[DATA BELOW]

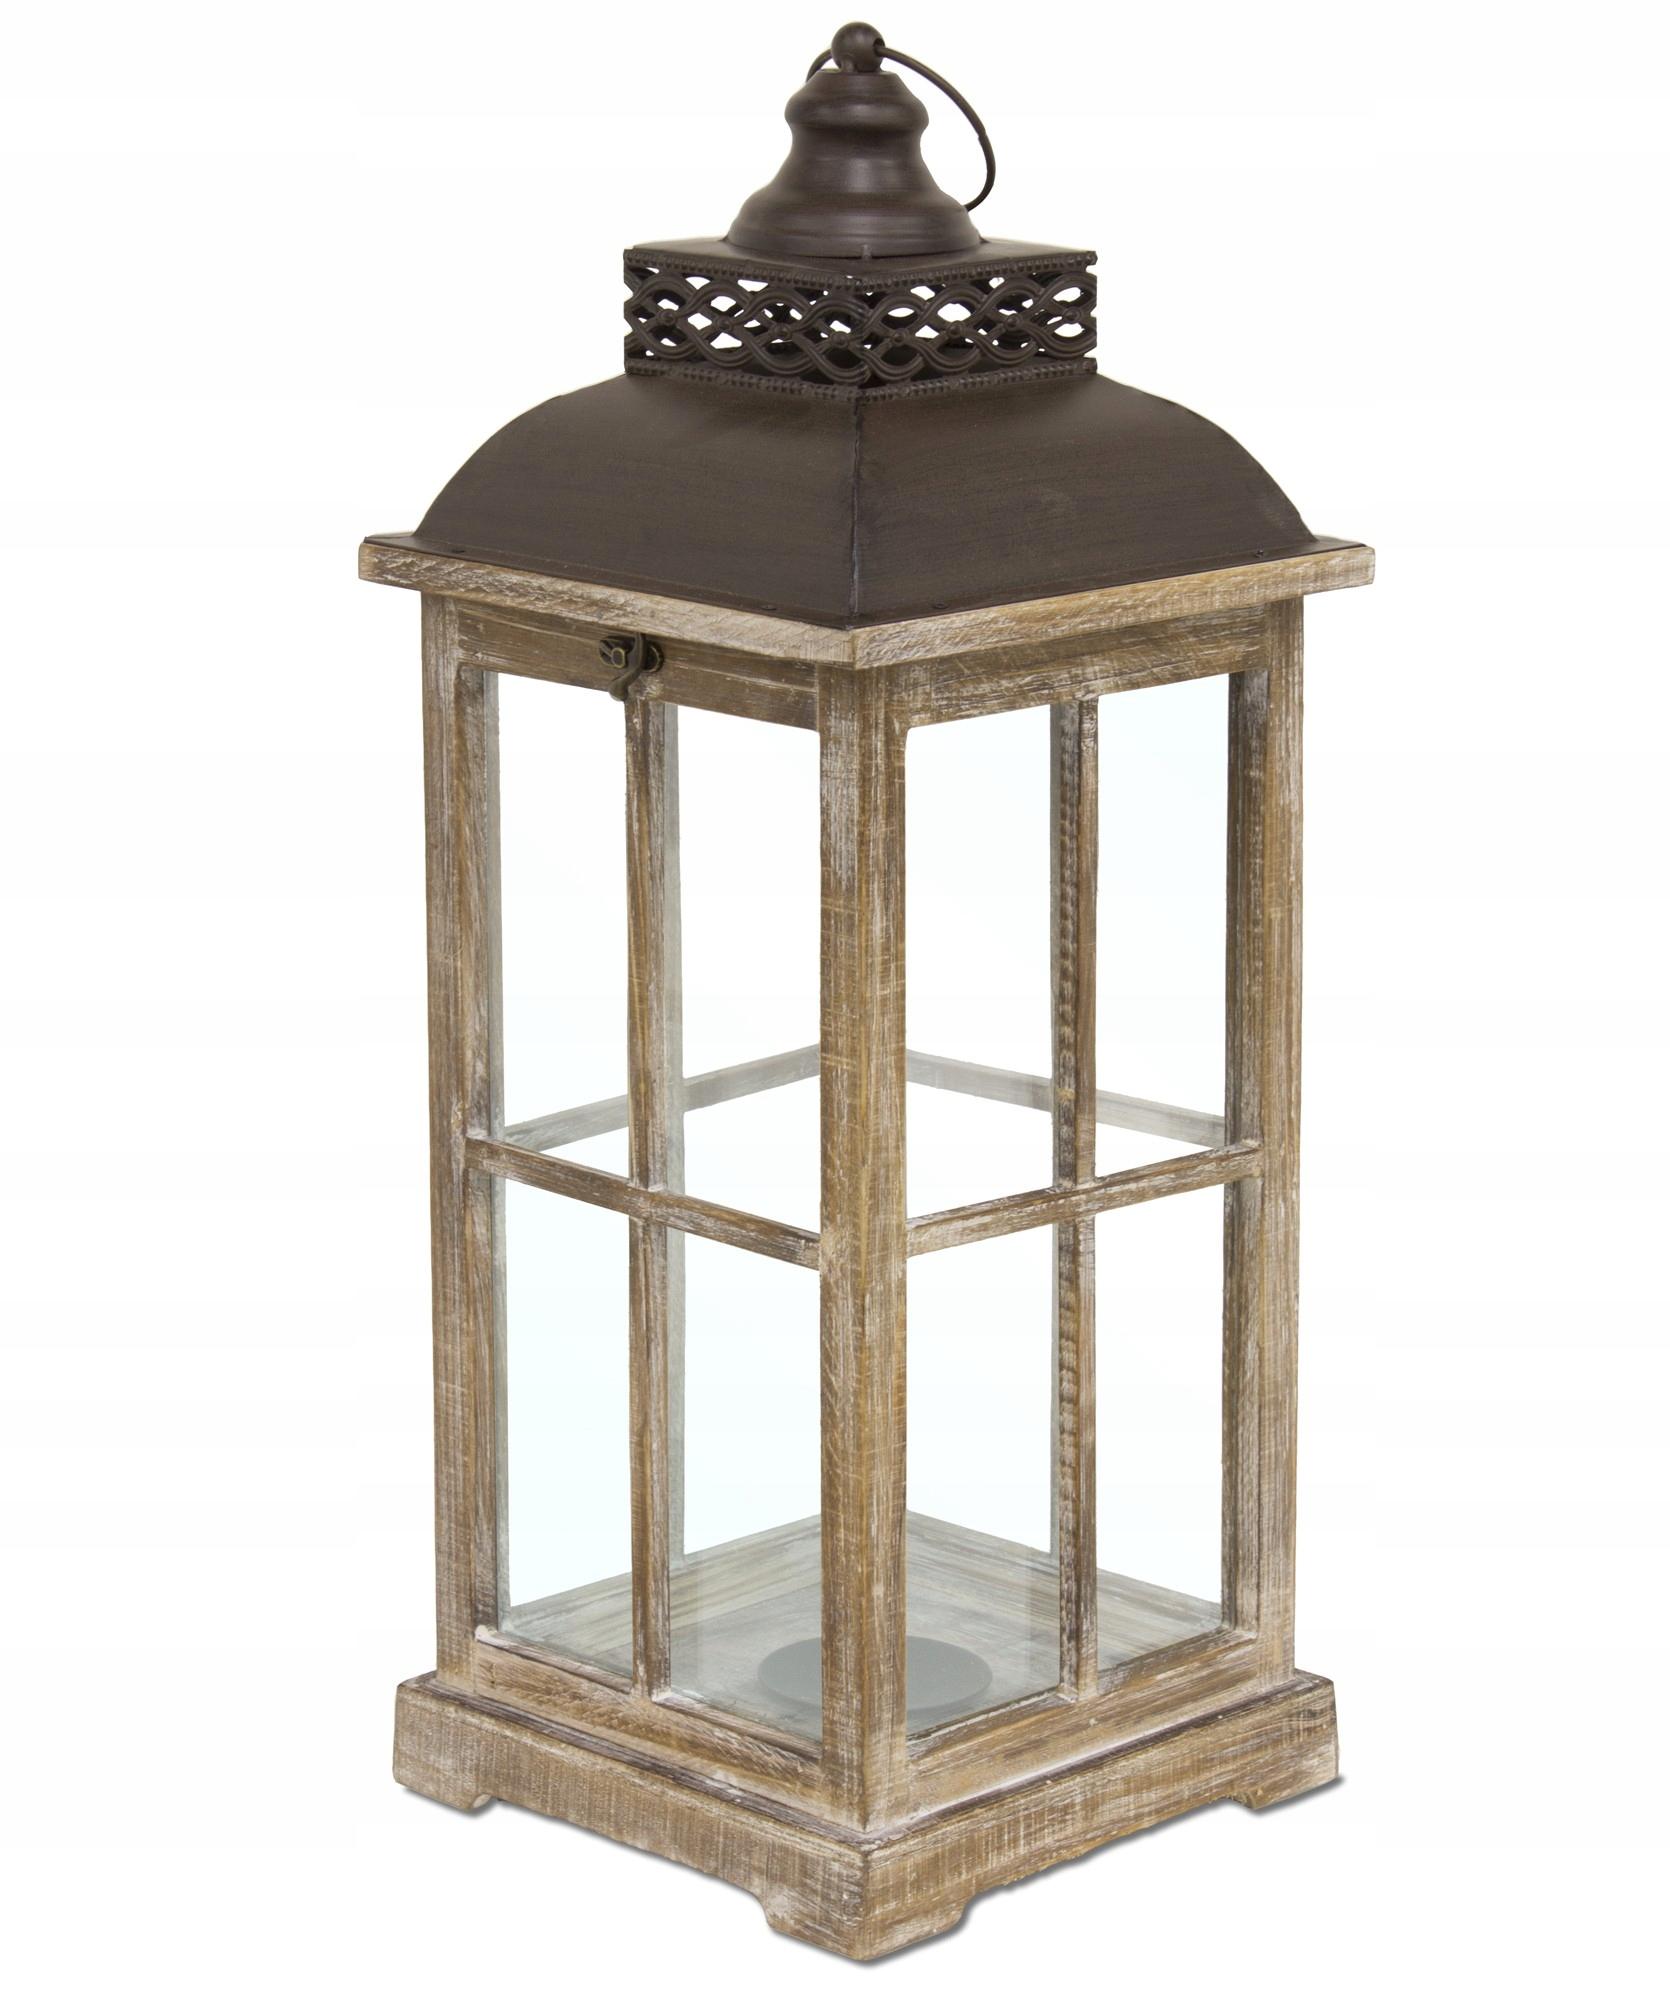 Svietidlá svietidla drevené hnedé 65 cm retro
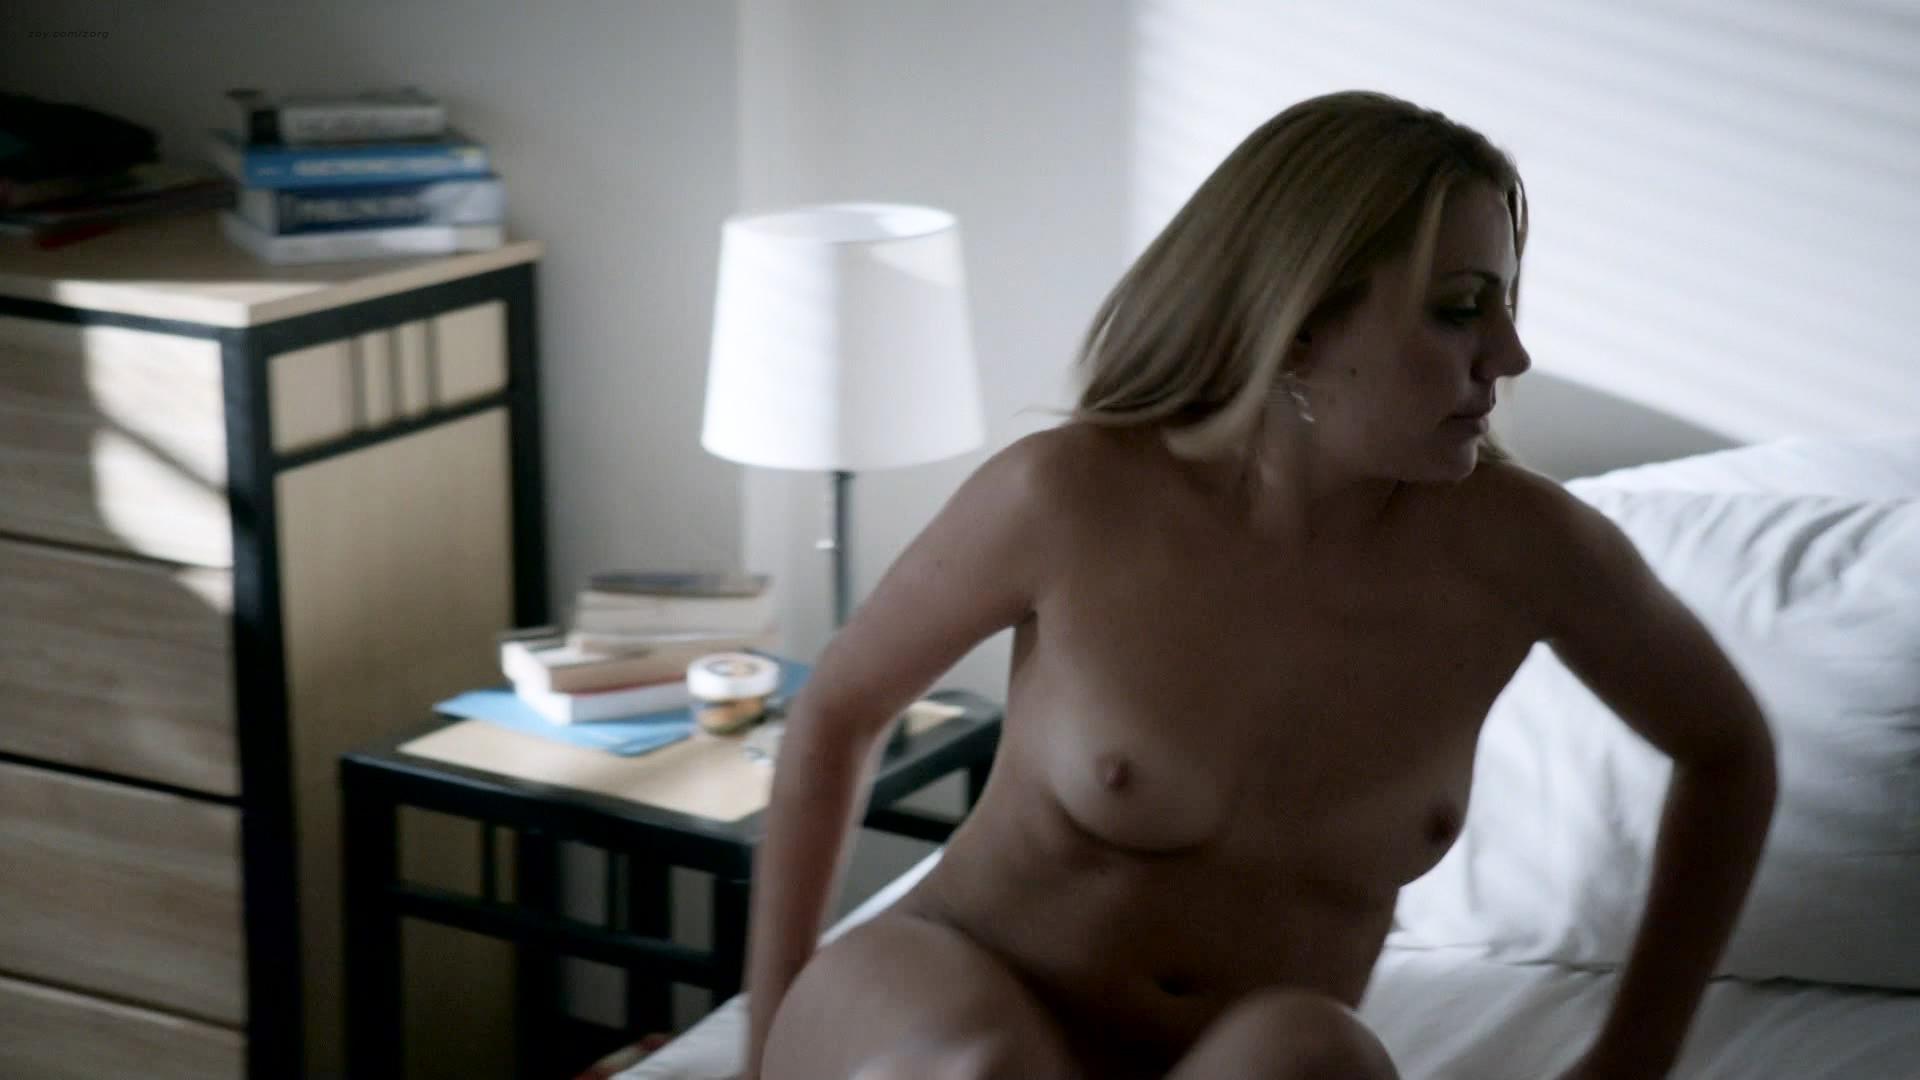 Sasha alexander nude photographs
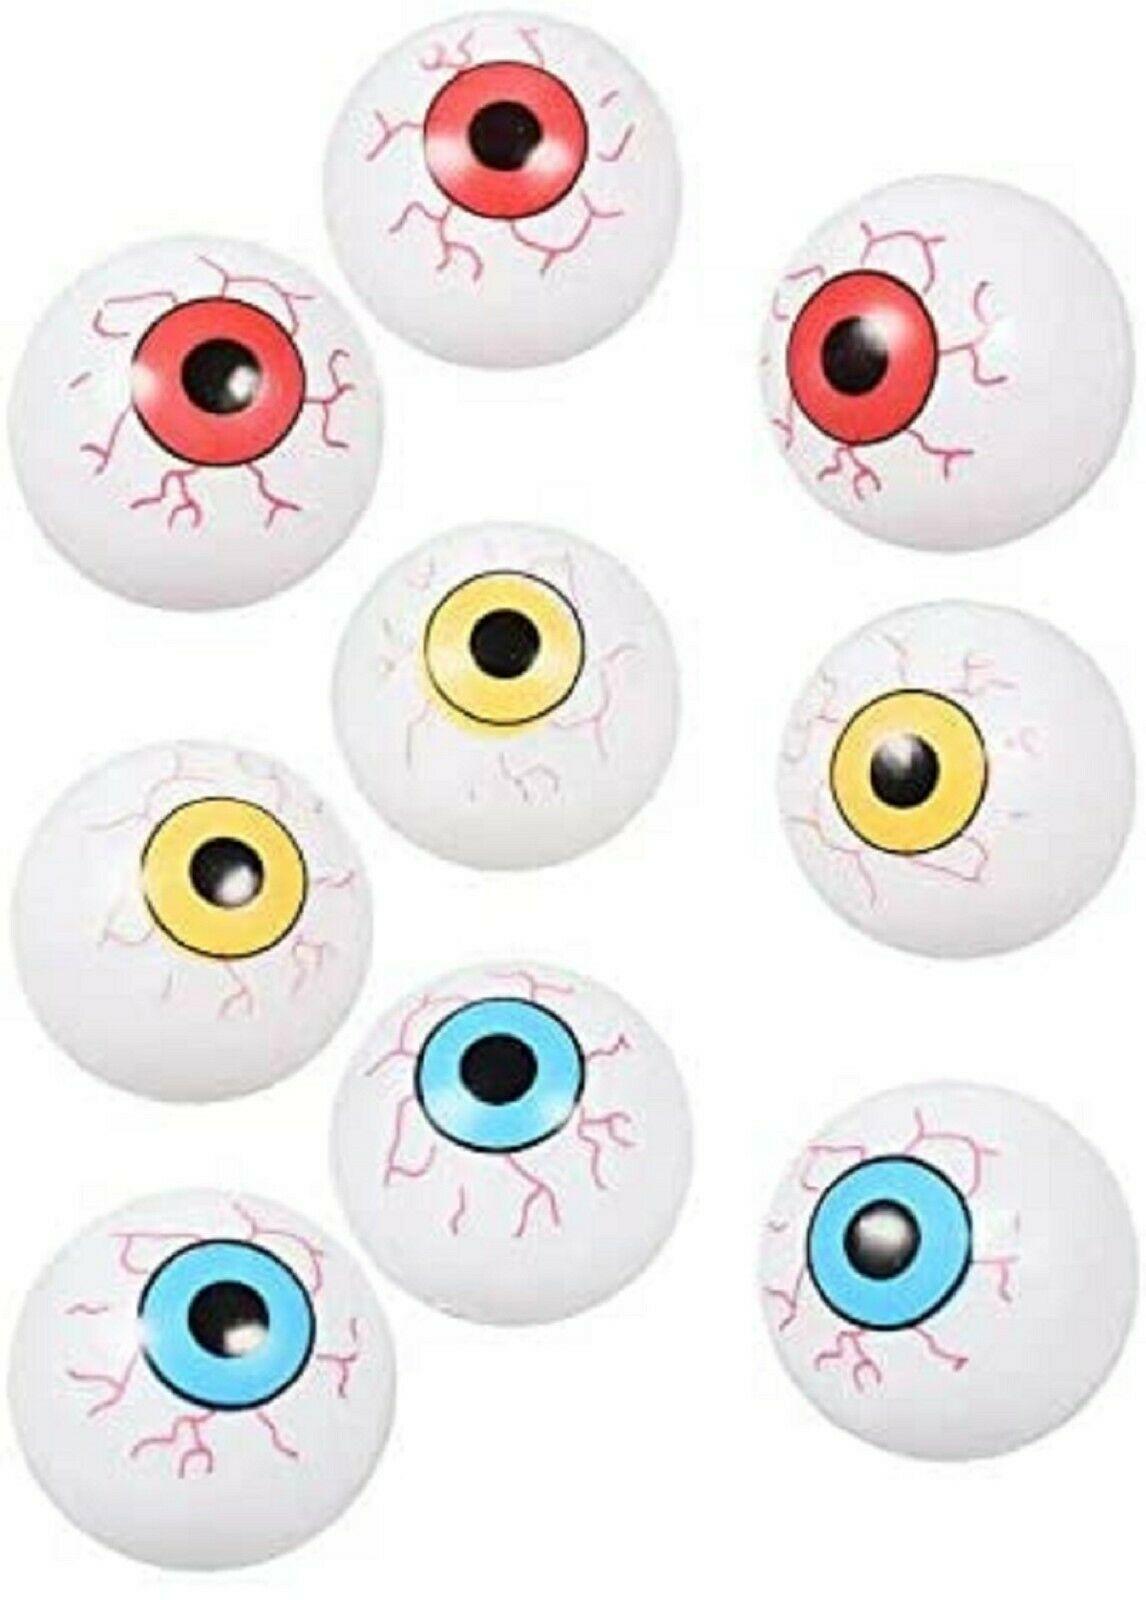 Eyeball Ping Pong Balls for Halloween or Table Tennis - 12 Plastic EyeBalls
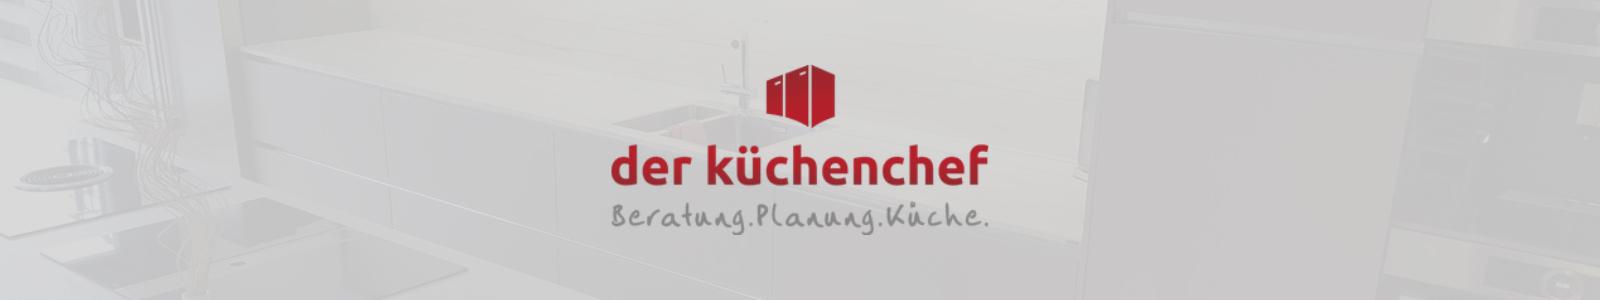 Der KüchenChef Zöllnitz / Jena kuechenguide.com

[/DATA BELOW]

EXERCISE AIM: Every line of the listing must be reproduced exactly, though the pictures are to be left out.

SOLUTION TO THE EXERCISE:
 Svietidlá svietidla drevené hnedé 65 cm retro
 Sasha alexander nude photographs
 Eyeball Ping Pong Balls for Halloween or Table Tennis - 12 Plastic EyeBalls
 Der KüchenChef Zöllnitz / Jena kuechenguide.com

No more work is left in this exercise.